# How did you find out about this forum?



## loomaluftwaffe (Mar 4, 2006)

How did you find out about this forum and why join?


----------



## lesofprimus (Mar 4, 2006)

I joined to find little 12 year old boys and make them my bitches...


----------



## cheddar cheese (Mar 4, 2006)




----------



## Pisis (Mar 4, 2006)

I don't know... I just found and I'm still here.

Let the BIG SPAM BEGIN


----------



## loomaluftwaffe (Mar 4, 2006)

lesofprimus said:


> I joined to find little 12 year old boys and make them my bitches...

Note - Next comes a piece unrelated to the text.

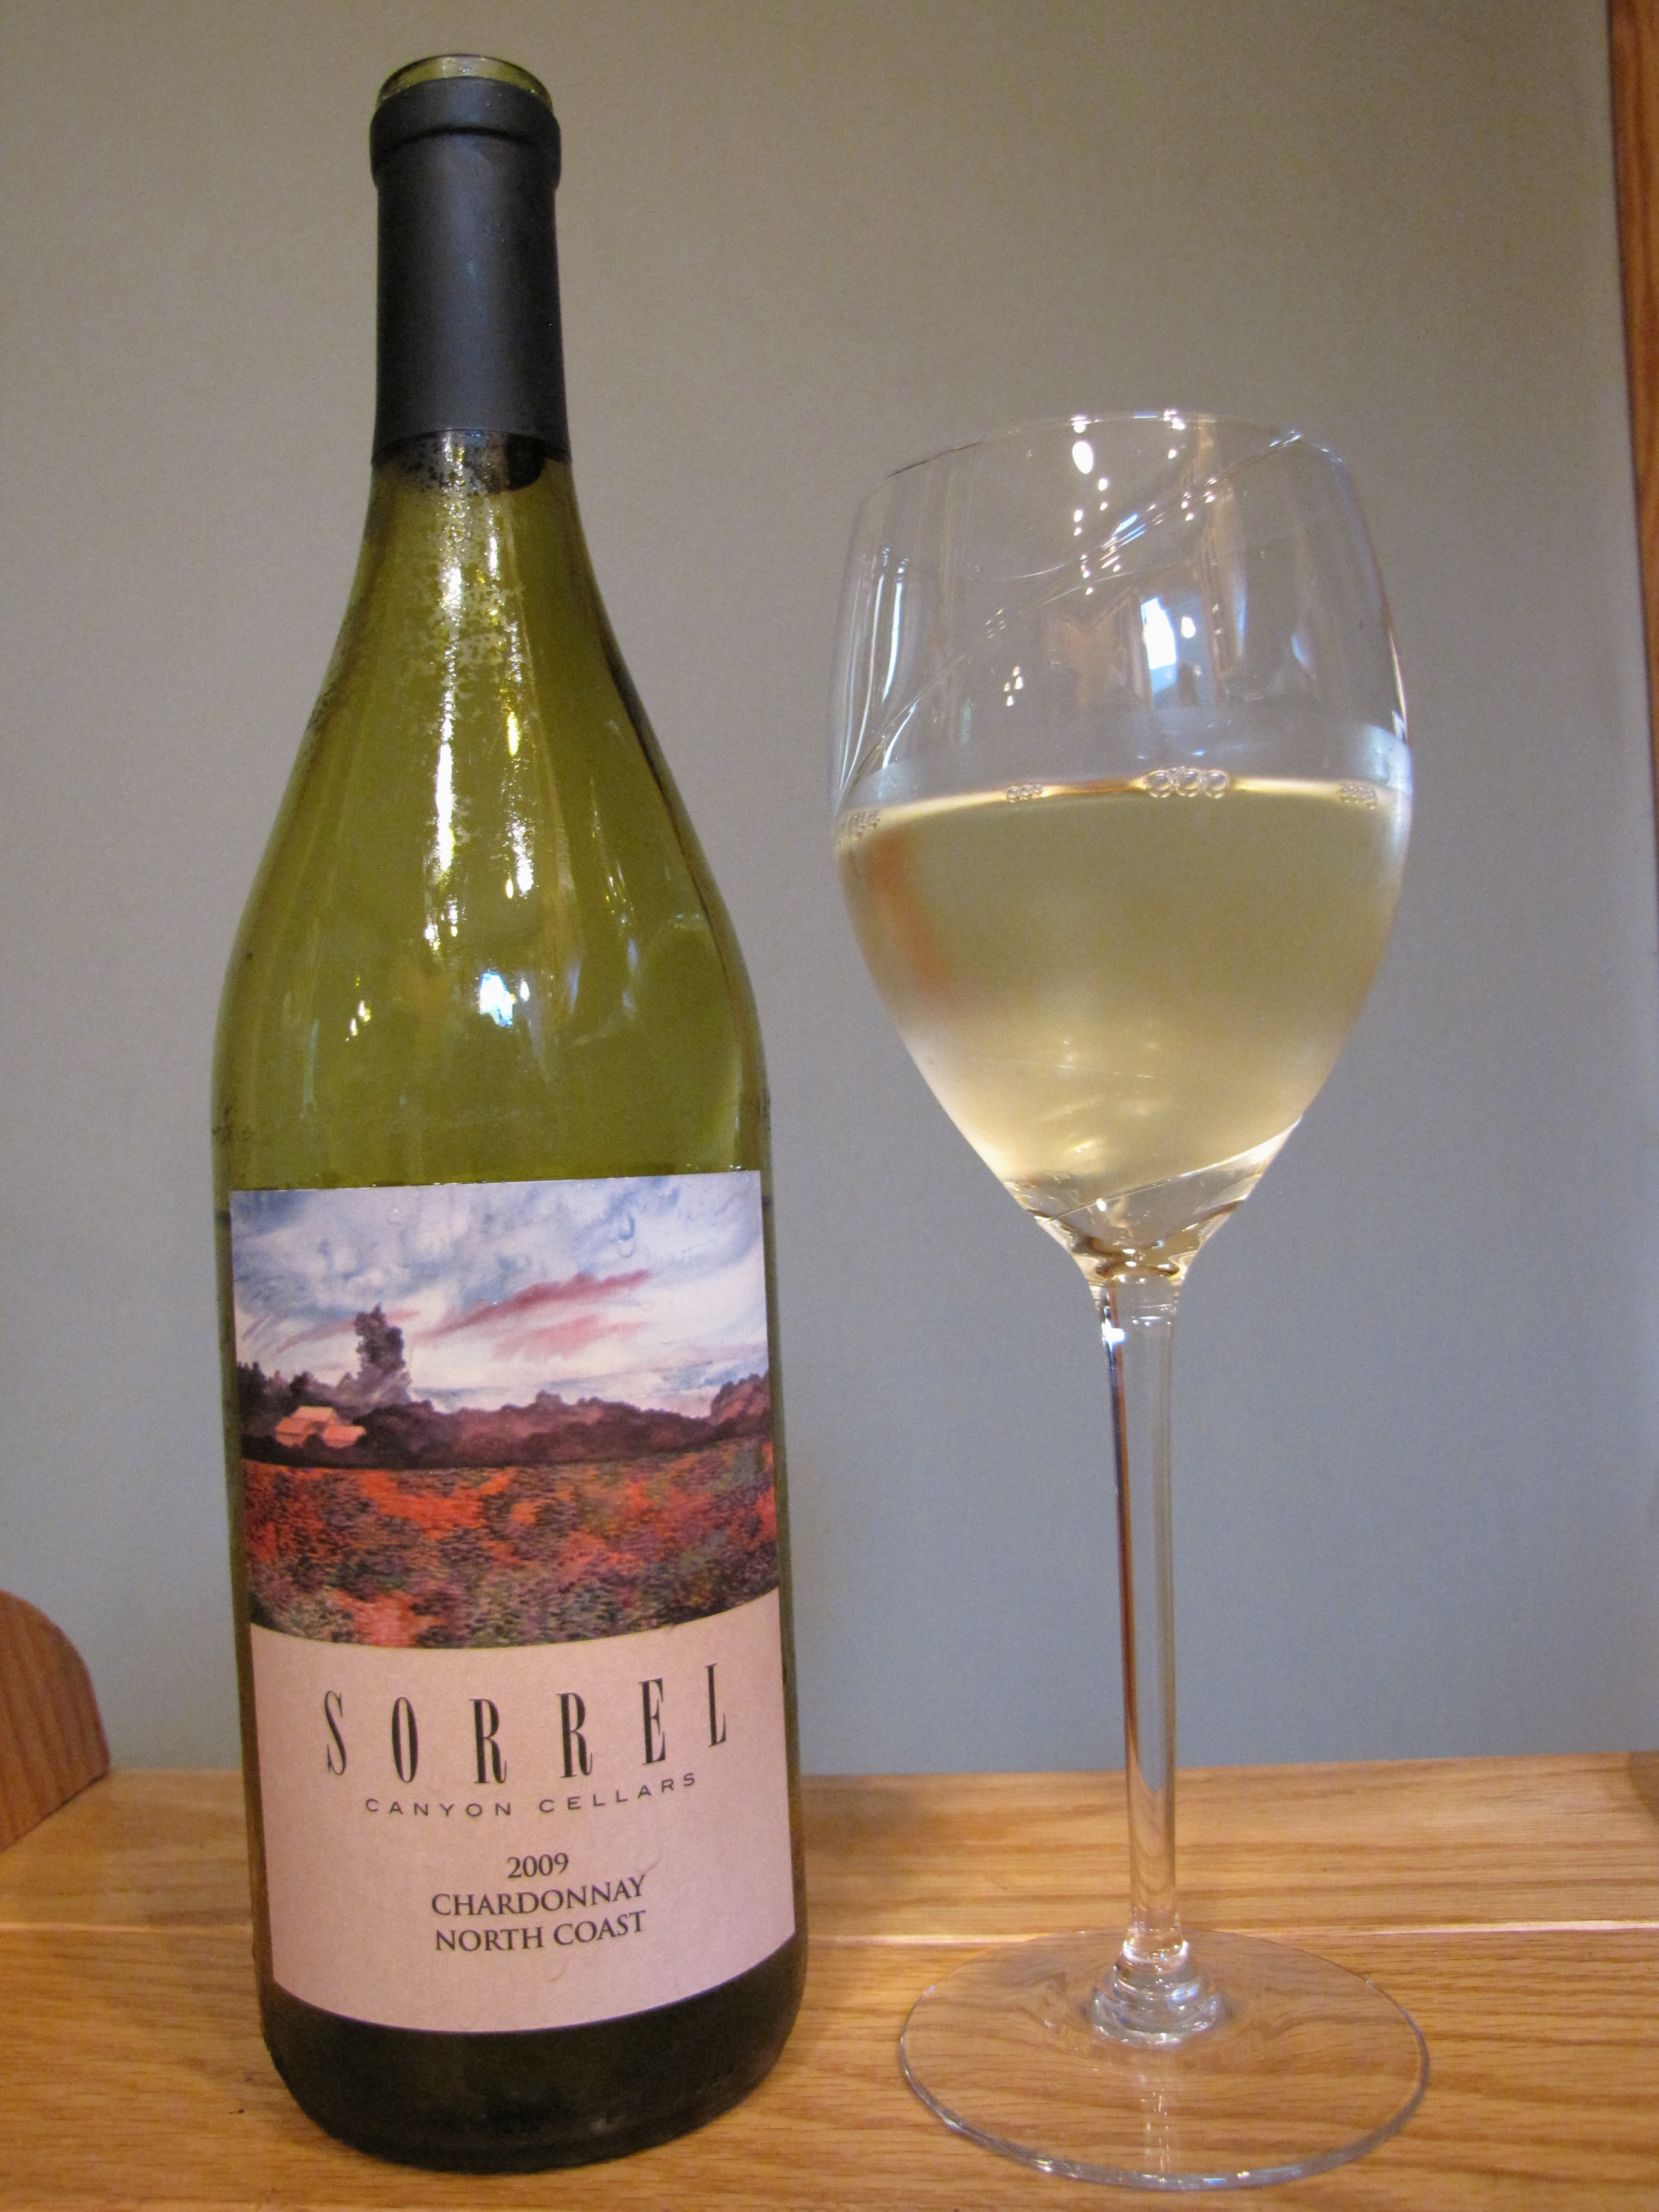 Sorrel Canyon Chardonnay (2009)

and since when can you turn boys into female dogs?


----------



## plan_D (Mar 5, 2006)

You know nothing about modern science, do you?


----------



## MichaelHenley (Mar 5, 2006)

saw the ad on Wings Pallette.ru (http://wp.scn.ru- was looking there for aircraft research


----------



## the lancaster kicks ass (Mar 5, 2006)

to this day i still insist CC showed me the site before he joined


----------



## loomaluftwaffe (Mar 5, 2006)

plan_D said:


> You know nothing about modern science, do you?


im just being literal



> joined to find little 12 year old boys and make them my bitches...

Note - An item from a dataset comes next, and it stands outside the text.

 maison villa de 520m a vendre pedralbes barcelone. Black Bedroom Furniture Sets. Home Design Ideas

since when was michael jackson your idol?


----------



## Henk (Mar 5, 2006)

loomaluftwaffe said:


> > joined to find little 12 year old boys and make them my bitches...
> 
> 
> since when was michael jackson your idol?



       

A friend told me about the site.

Henk


----------



## lesofprimus (Mar 5, 2006)

> loomaluftwaffe wrote:
> Quote: since when was michael jackson your idol?


Since ur Mommy called me on the phone and said that he was ur real Daddy... Too bad about that huge birthmark u have on ur face...


----------



## Gnomey (Mar 5, 2006)

I think I found it through google and then joined and haven't really left...


----------



## loomaluftwaffe (Mar 6, 2006)

lesofprimus said:


> > loomaluftwaffe wrote:
> > Quote: since when was michael jackson your idol?
> 
> 
> Since ur Mommy called me on the phone and said that he was ur real Daddy... Too bad about that huge birthmark u have on ur face...



so ur my dad MJ?


----------



## lesofprimus (Mar 6, 2006)

That was as lame a comeback as ur avatar.....


----------



## Erich (Mar 6, 2006)

lomma change your avatar AT ONCE ! looks like a tweaked Micheln man

think Les is going to be bringing the Mississippi two-step to a few of you guys real soon ...........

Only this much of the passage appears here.